# 50% Off Auto Finesse Essence Wax - Cyber Monday Offer



## Johnnyopolis

Yes, you read that right... 50% off today on Auto Finesse Essence Wax.

Grab them before they are gone... Only a few left.

http://www.cleanandshiny.co.uk/auto-finesse-essence-carnauba-wax


----------



## Kimo

Bargain that mate


----------



## camerashy

If I didn't have so many waxes I would be in there like a shot


----------



## Brian1612

So tempting but cannot justify more detailing products at the moment...


----------



## C-Max

Order placed.


----------



## Scrim-1-

Just grabbed one, rude not to at that price.

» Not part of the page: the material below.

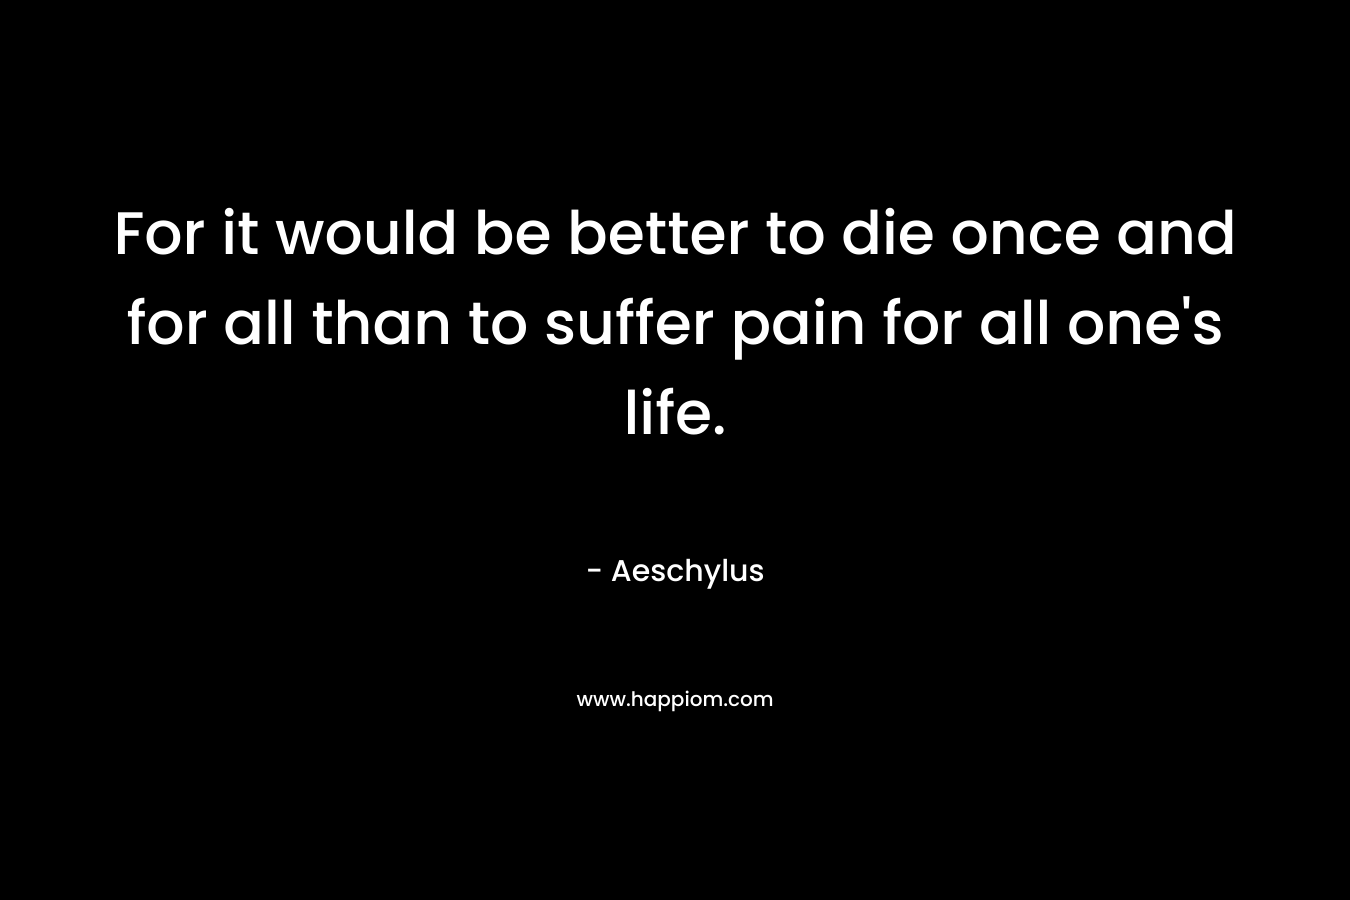 For it would be better to die once and for all than to suffer pain for all one's life.

Out of curiosity, is it the new style tin or the older plastic type? Not that I'm bothered, just curious 

Thanks


----------



## Sicskate

Out of stock


----------



## Johnnyopolis

Kimo said:


> Bargain that mate


It is a huge bargain!



C-Max said:


> Order placed.


Thanks a lot 



Scrim-1- said:


> Just grabbed one, rude not to at that price.
> 
> Out of curiosity, is it the new style tin or the older plastic type? Not that I'm bothered, just curious
> 
> Thanks


Its the old pot Scrim, but it is bigger than the new one I believe....



Sicskate said:


> Out of stock


You missed the last one by about 2 minutes......


----------



## Scrim-1-

Thanks buddy 

Looks like I grabbed the last one


----------



## Scrim-1-

Arrived today super fast delivery
Many thanks.


----------



## C-Max

Received mine yesterday. Well packaged. Thanks. Just one thing, there are a few brown tinges in the wax. Is this just the oils and nothing to worry about ?


----------



## Clean and Shiny

C-Max said:


> Received mine yesterday. Well packaged. Thanks. Just one thing, there are a few brown tinges in the wax. Is this just the oils and nothing to worry about ?


Im sure its nothing to worry about we have had all the waxes sold on the same shelf in the unit here. I will check with Auto Finesse though.


----------



## C-Max

Thanks.


----------